I used spring-XD for data ingestion for a while until I had to move to a different distribution of Hadoop which didn't come with XD installed. I started using Flume and while XD makes life much simpler by giving the ability to define stream and tap in one line, Flume does need at the min a conf file with 3 things (source, channel and sink defined), but has more bells.
Data Ingestion and Monitoring
Let's start off with a very simple way of getting data across (in a terminal), with out being in Hadoop ecosystem for a min
$ cp /src/path/file /dest/path/file
There is a source file (source), there is destination (sink) and the means of getting the file across (channel) is the file-system itself
$ tail -F /log/file >> /mydir/logfile
Continuous, real time data fetching of a log file using tail - simple enough. Lets write a small utility which alerts (from sending you an SMS to emailing you, the alert can be anything), lets just print it as alter if there is error found in the log.
tail -F /path/to/log/latest.log | python errormonitor.py
line = sys.stdin.readline()
if "error" in line.lower():
print "Alert!, Error Found"
Getting started with Flume
If we were to extend the python script to support various sources, channels and sinks it's going to be more than 10 lines. If the script has to guarantee every line is from source to sink is reached, in a distributed system, the number of lines grows exponentially - Enter Flume.

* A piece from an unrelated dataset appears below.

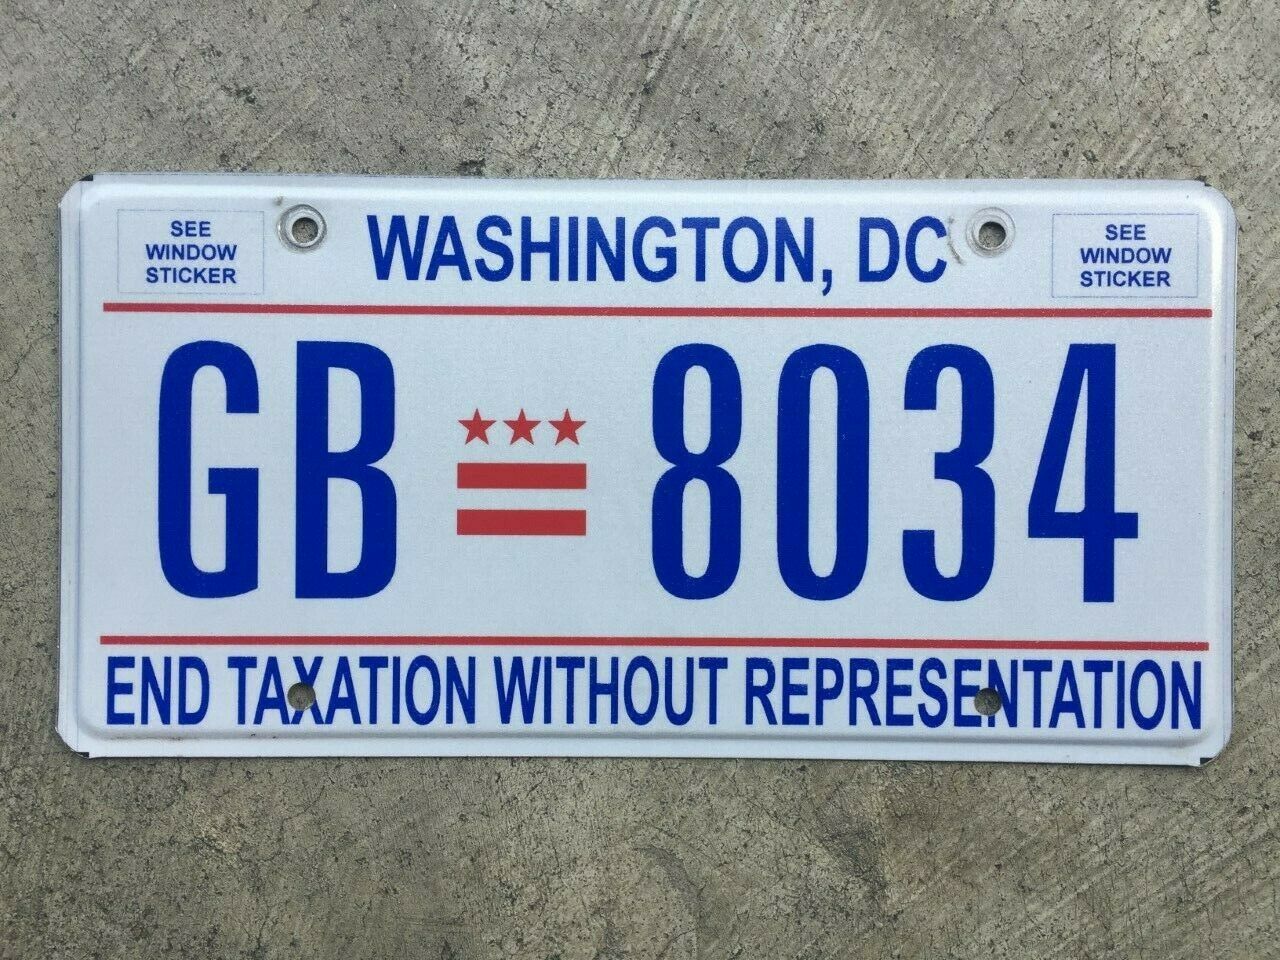 Washington Dc End Taxation License Plate Tag - Nice Gb 8034 District Of Columbia

Below are the sources, channels and sinks supported in Flume (version 126.96.36.199.2.4.2-2)
In a nut shell, all the 3 components needs to be set, so the conf file goes like this:
Source = Exec Source
Sink = HDFS
Channel = Memory
Exec Source => Memory => HDFS
The below flume conf file does the same as the tail -F we had above (with out monitoring)
#File Name - simplelogger.conf
log.sources = src
log.sinks = snk
log.channels = chs
log.sources.src.type = exec
log.sources.src.command = tail -F /path/to/log/latest.log
log.sinks.snk.type = logger
log.channels.chs.type = memory
#Tie Source and Sink to Channel
log.sinks.snk.channel = chs
log.sources.src.channels = chs
Nitty-Gritty: See how all the declaration start with same name "log", that's in line with "Java" (the file name to be the same as the class name) - so when the flume agent has to be started, the name should be same as the one used above:
For the above config file, the flume agent to be started as:
flume-ng agent -f simplelogger.conf -n log
"WARN node.AbstractConfigurationProvider: No configuration found for this host:nnnn" and the agent doesnt work.
Nitty-Gritty (2) - While setting the channel properties of sources and sinks, there is a very subtle difference, not sure why this was introduced, if you know why, please leave a comment
For the sink, it's singular (channel) - log.sinks.snk.channel = chs
For the source, it's plural (channels) - log.sources.src.channels = chs
Perhaps because there can be more than one source?
Anyway, happy fluming, this is a must tool to get data from non-traditional sources into Hadoop or any other sink.